━━━━━ Data section ━━━━━

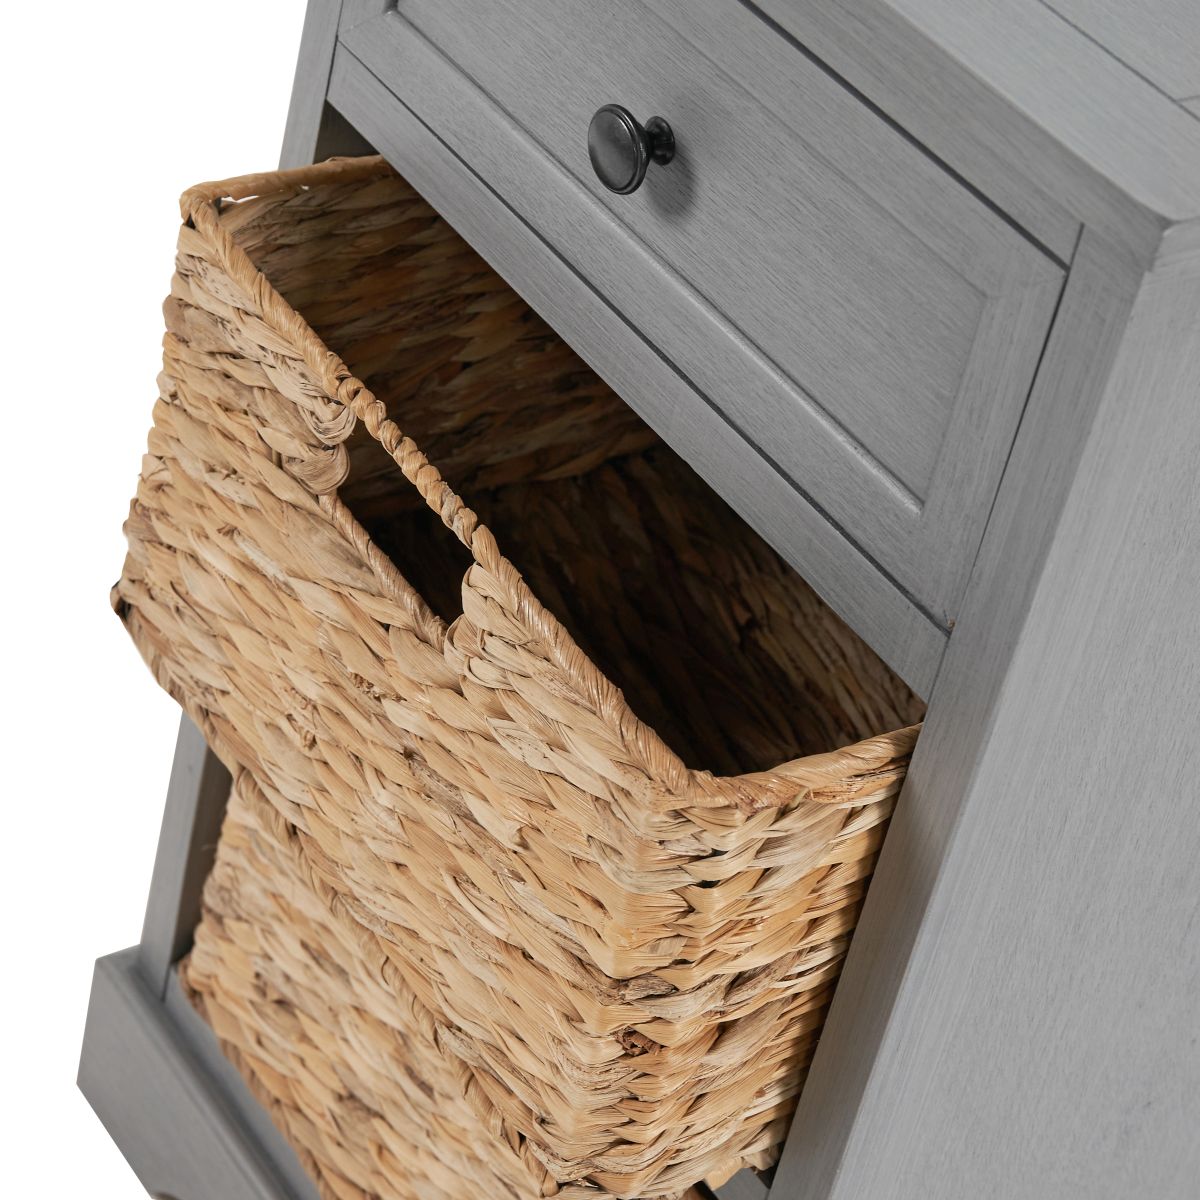 Devonshire Grey Wood 1 Drawer 2 Basket Unit
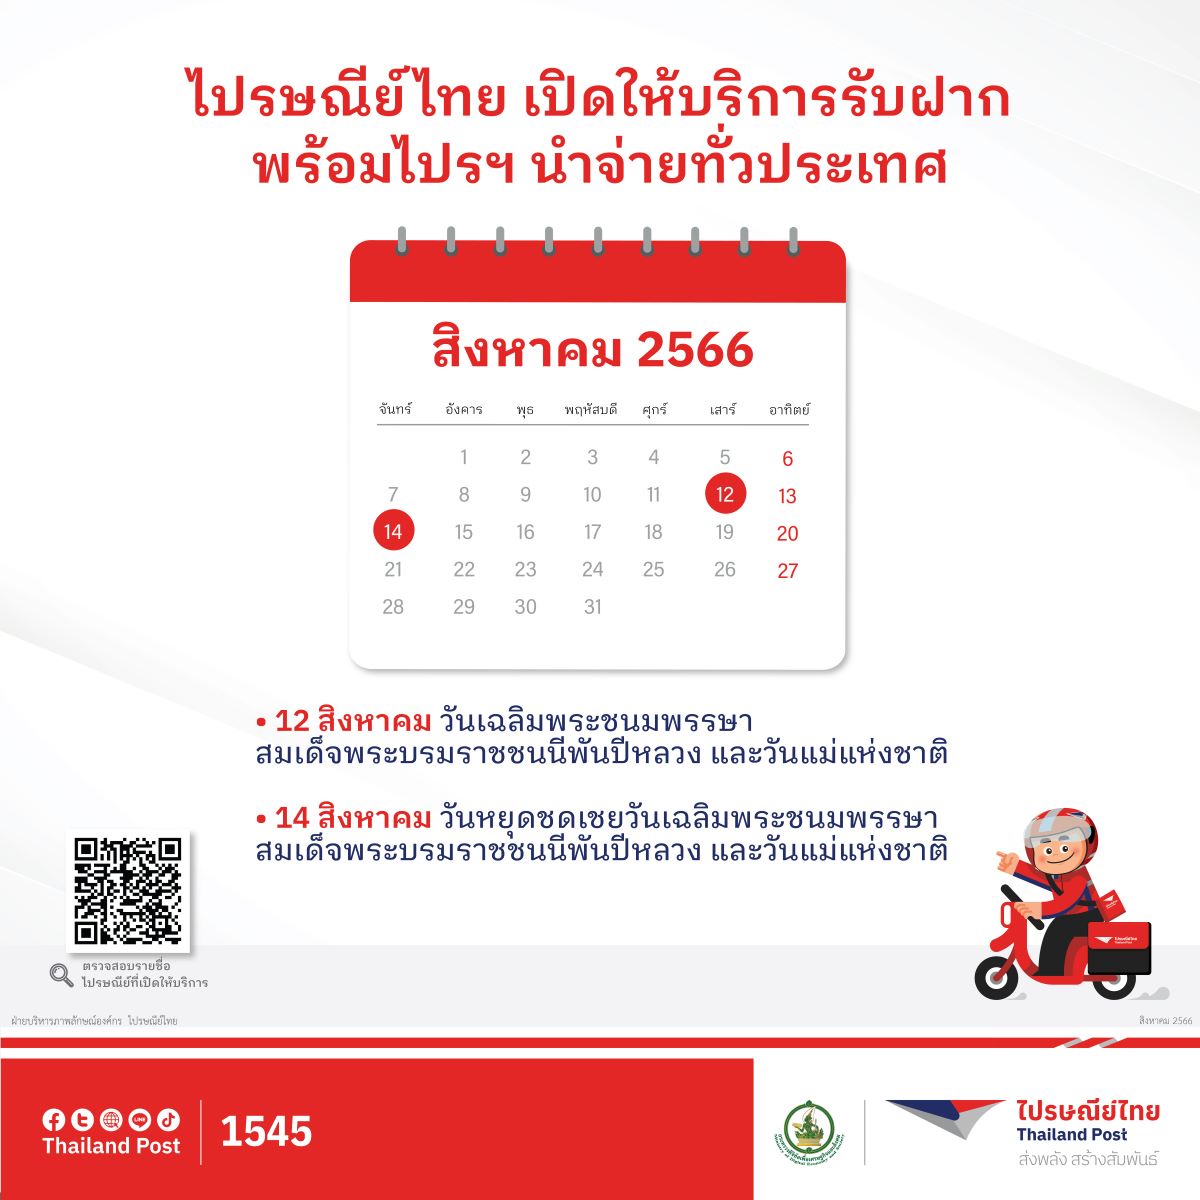 ไปรษณีย์ไทยเปิดให้บริการช่วงวันหยุดต่อเนื่อง 12 - 14 สิงหาคม 2566 รับฝาก และนำจ่ายตามปกติทุกแห่งทั่วประเทศ
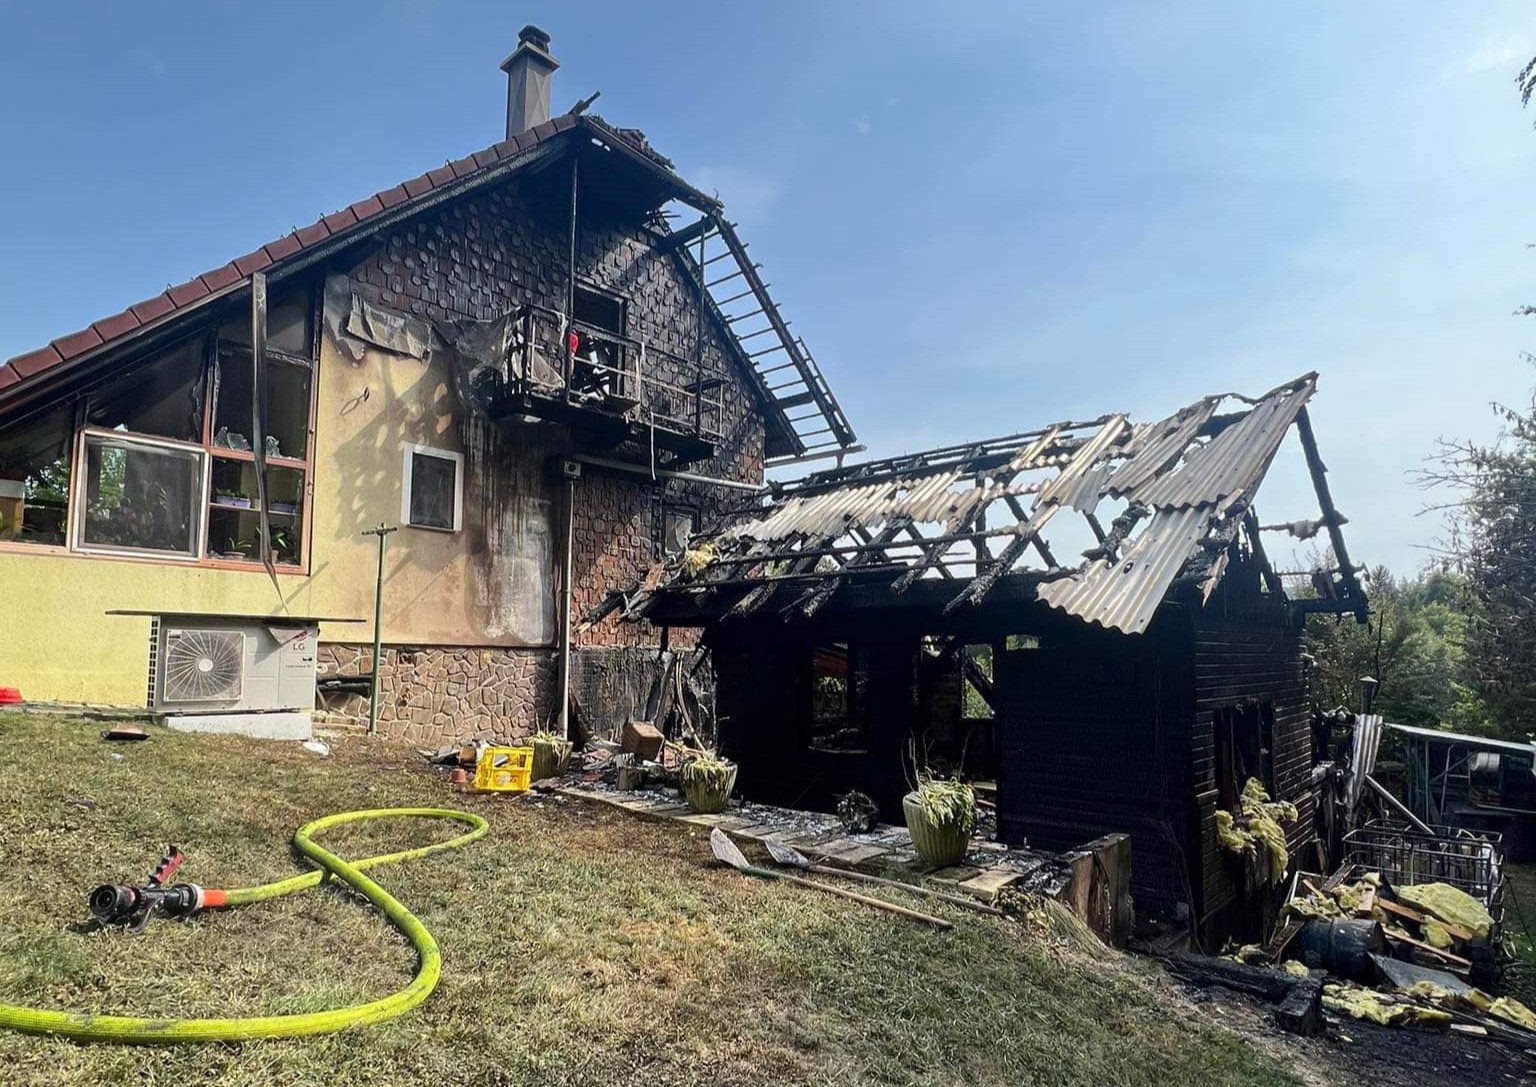 FOTO: Zaradi napake na električni napeljavi v Poljčanah zagoreli lopa in hiša
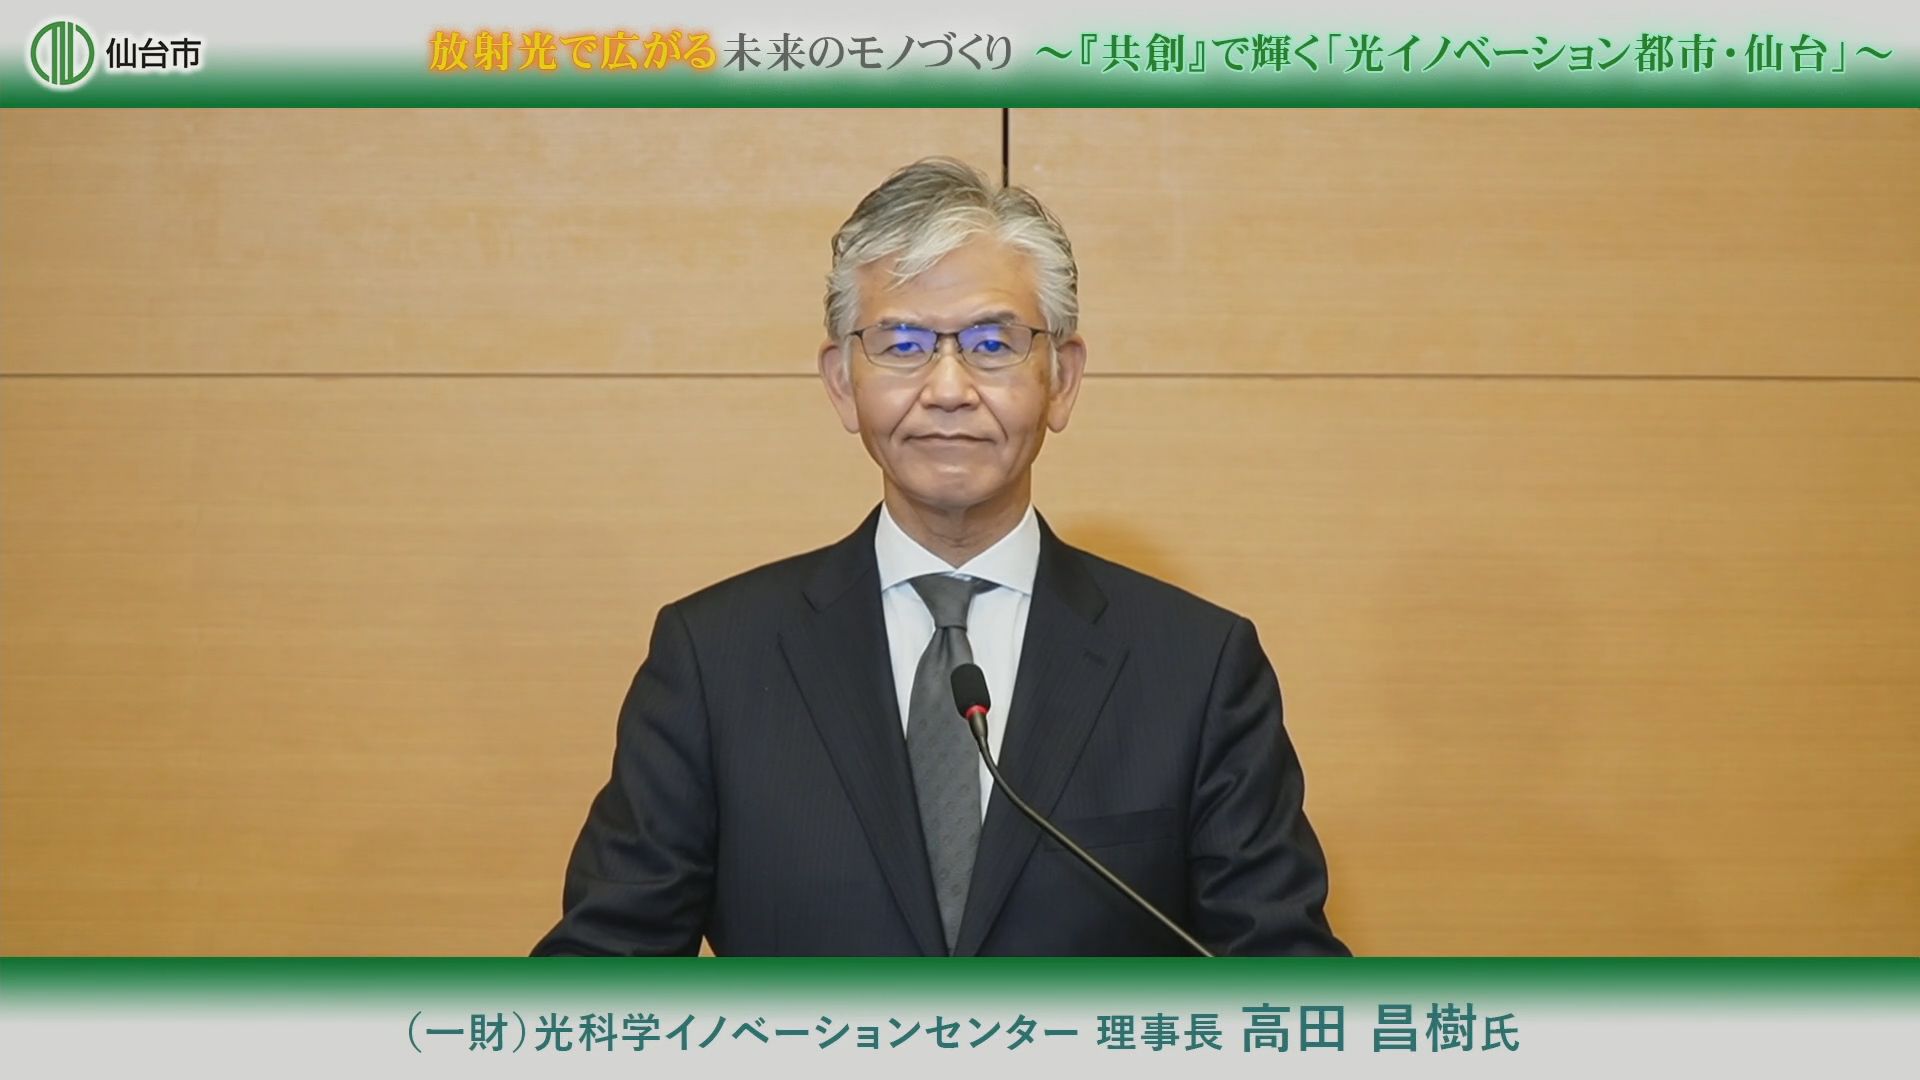 ナノテラスを運営する光科学イノベーションセンターの高田昌樹理事長。

━━━━━

▶ [What you are asked to do]
Nothing but the pictures should be left out when the listing is repeated exactly.

▶ [Task output]
 Devonshire Grey Wood 1 Drawer 2 Basket Unit
 ไปรษณีย์ไทยเปิดให้บริการช่วงวันหยุดต่อเนื่อง 12 - 14 สิงหาคม 2566 รับฝาก และนำจ่ายตามปกติทุกแห่งทั่วประเทศ
 FOTO: Zaradi napake na električni napeljavi v Poljčanah zagoreli lopa in hiša
 ナノテラスを運営する光科学イノベーションセンターの高田昌樹理事長。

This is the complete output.